Never one to back down from an attack on his professional integrity—this isn’t his first dust-up with gender ideologues—Bailey took to Twitter to arouse public attention to the injustice, saying that the article “remains true” despite being slapped with a retraction notice. He then elaborated on the history of attacks on ROGD research in an Unherd.com article, “Why Is My Research Being Cancelled?” which handily rebuts Springer Nature’s rationales for retraction and which vigorously defends both Zucker’s editorial integrity and the study’s methodology.
When asked on Twitter what retraction of the paper would accomplish, Bailey responded, “it’s a gotcha” for activists, because most people “will assume fraud.” Furthermore, “the publisher can disappear the article later if they choose to. And scholars may be discouraged by editors from citing the article.”
Before its suspension, the study was downloaded more than 38,000 times, ranked in the top percentile of its type for online attention.

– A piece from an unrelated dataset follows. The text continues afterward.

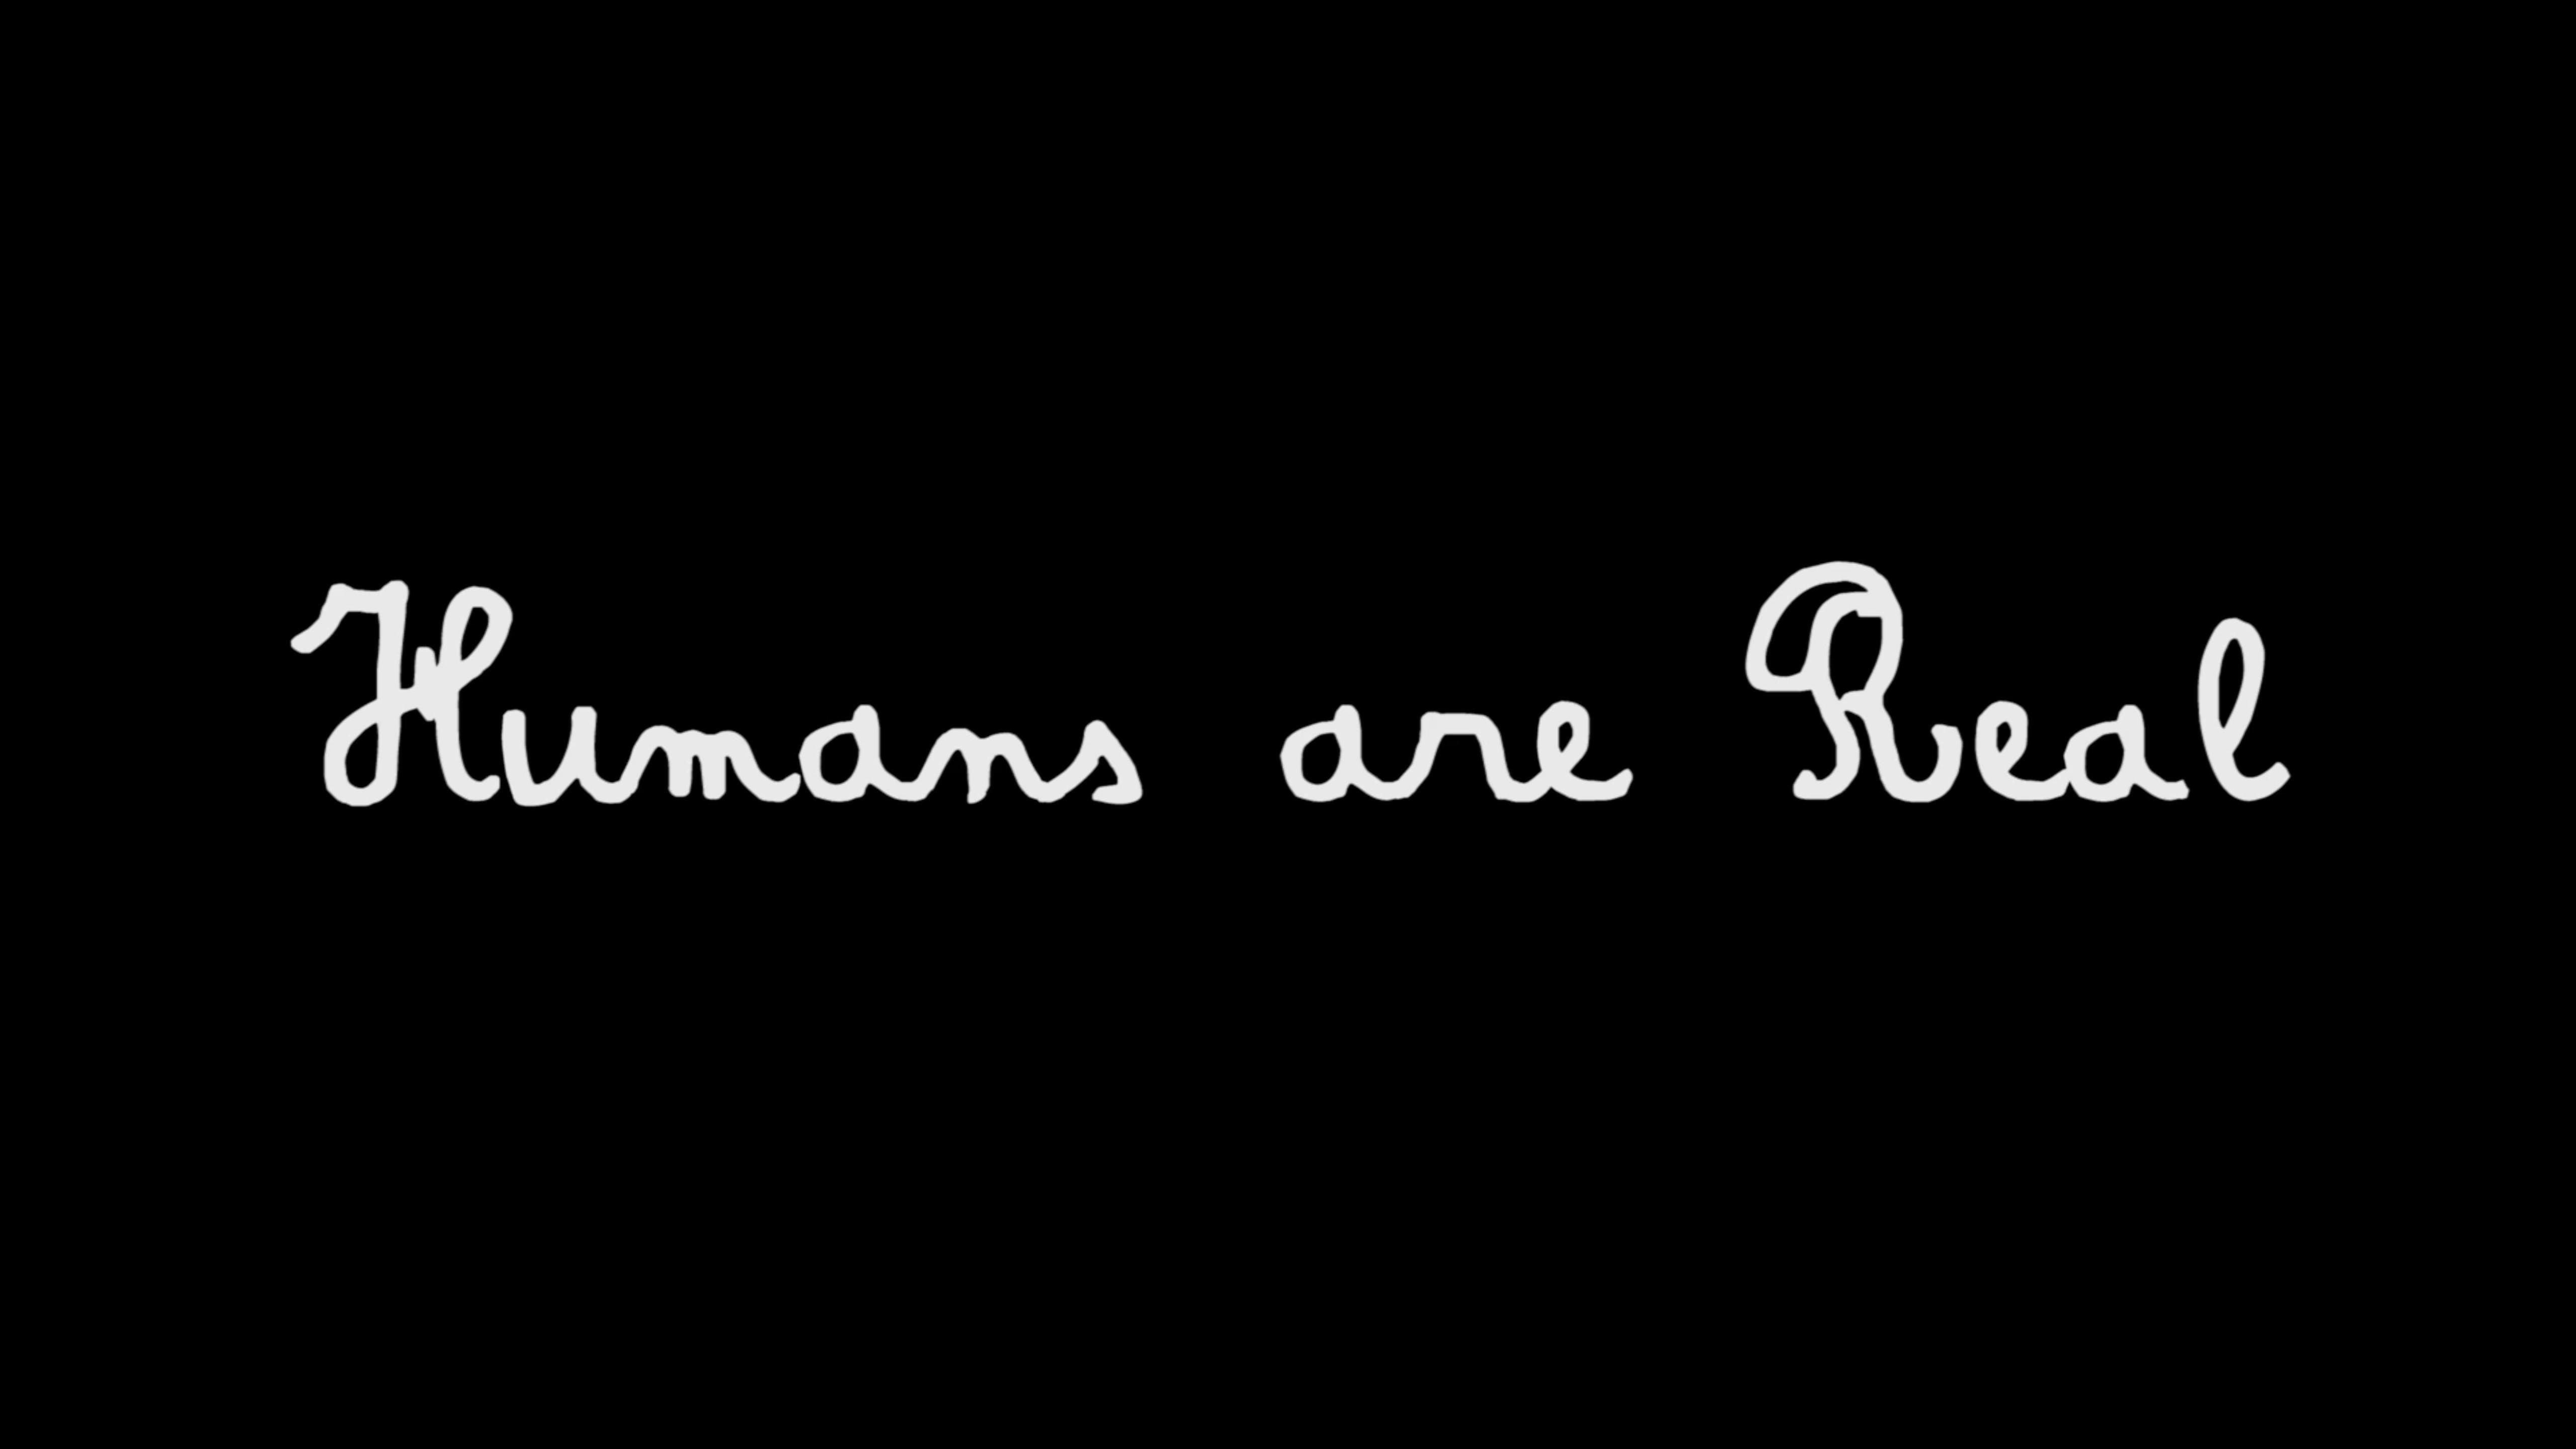 Humans Are Real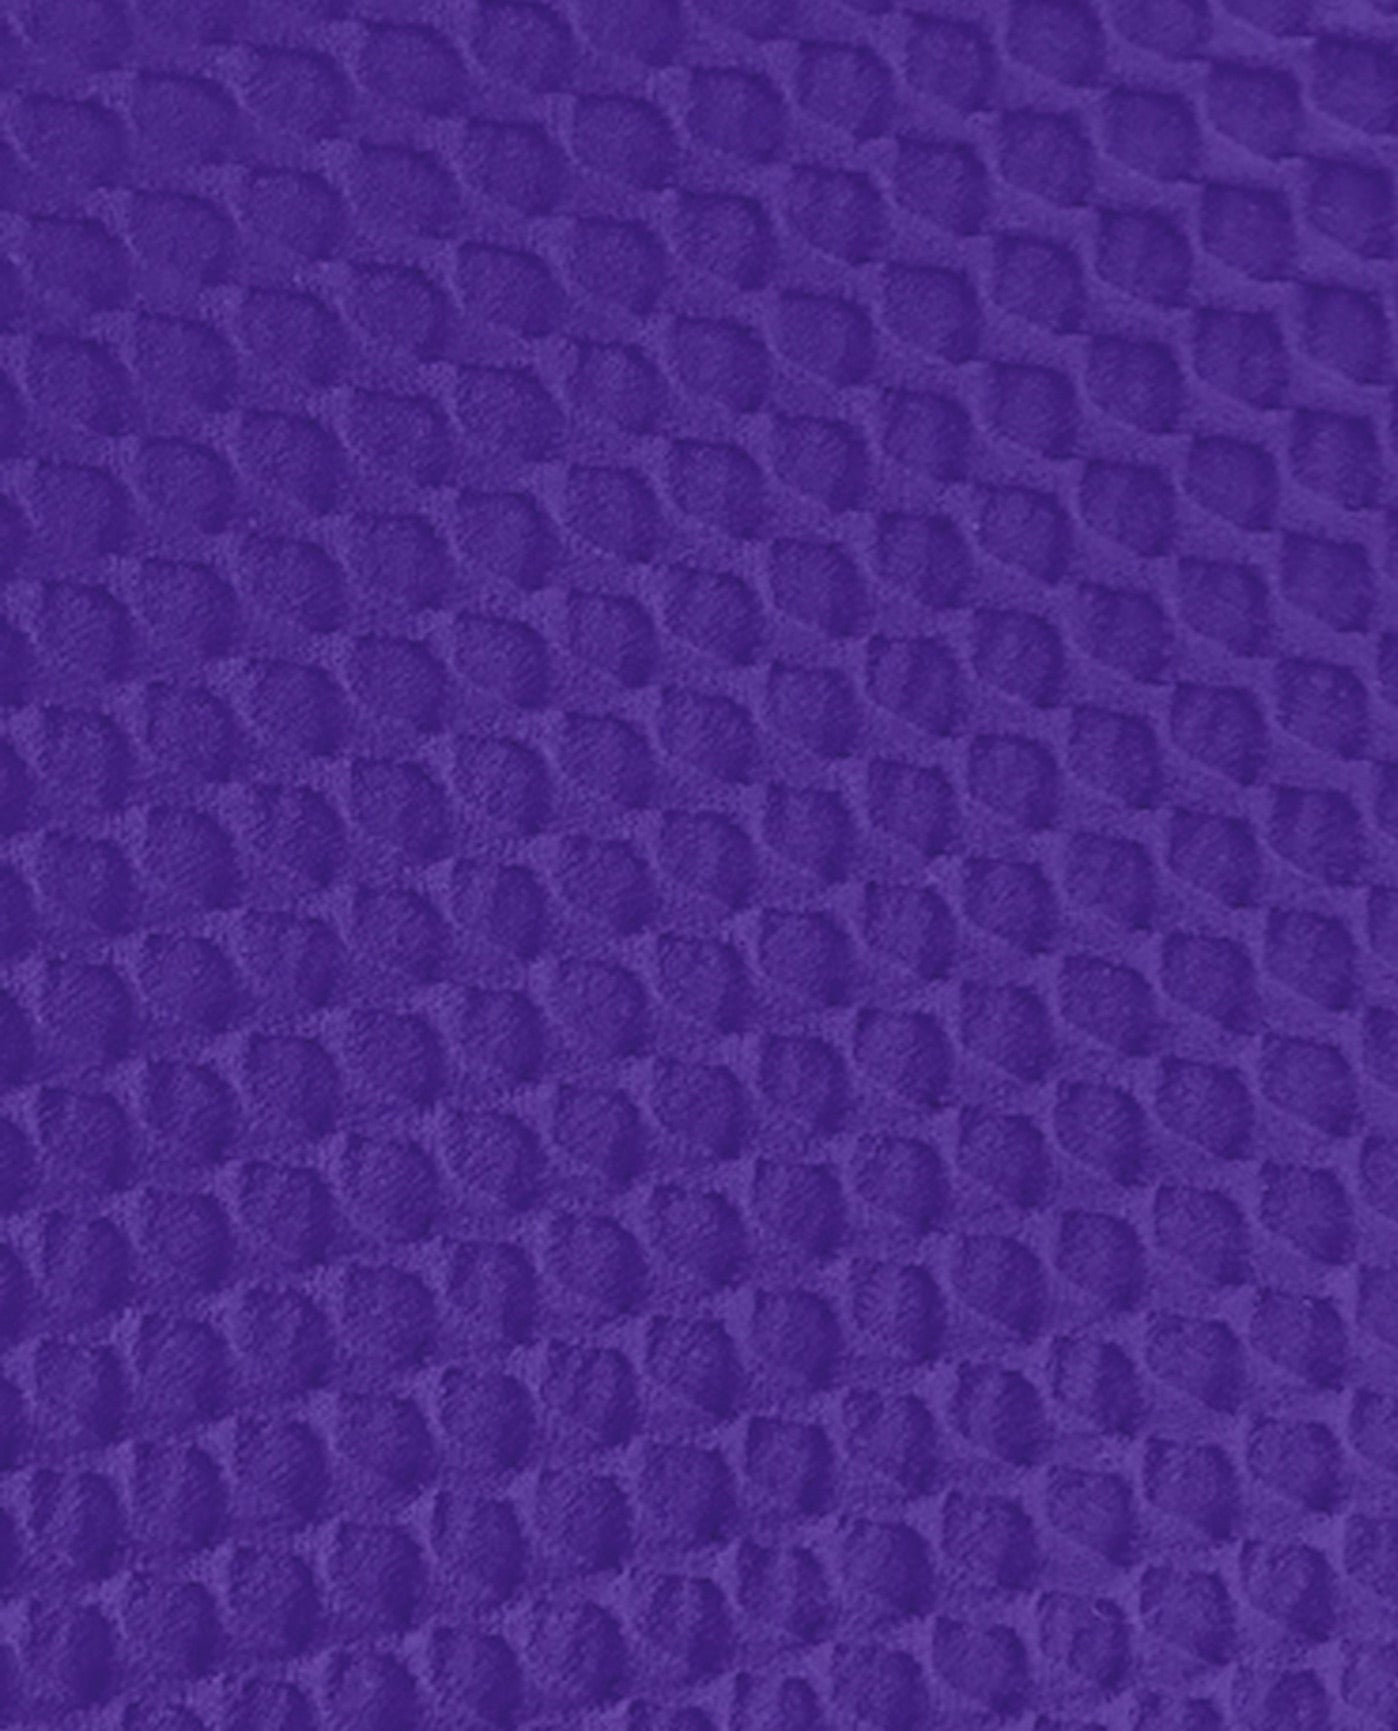 FABRIC SWATCH VIEW OF CHLORINE RESISTANT AQUAMORE SOLID TEXTURED HIGH NECK PLUS SIZE SWIMSUIT | 510 AQT TEXTURED PURPLE

A parting thought: Parents who unquestioningly affirm their children’s alleged dysphoria are themselves affirmed as admirable parents by ideologues. But, as the Bailey-Diaz study concludes, “there is presently no reason to believe that reports of parents who support gender transition are more accurate [in assessing what is in their children’s best interests] than those who oppose transition.”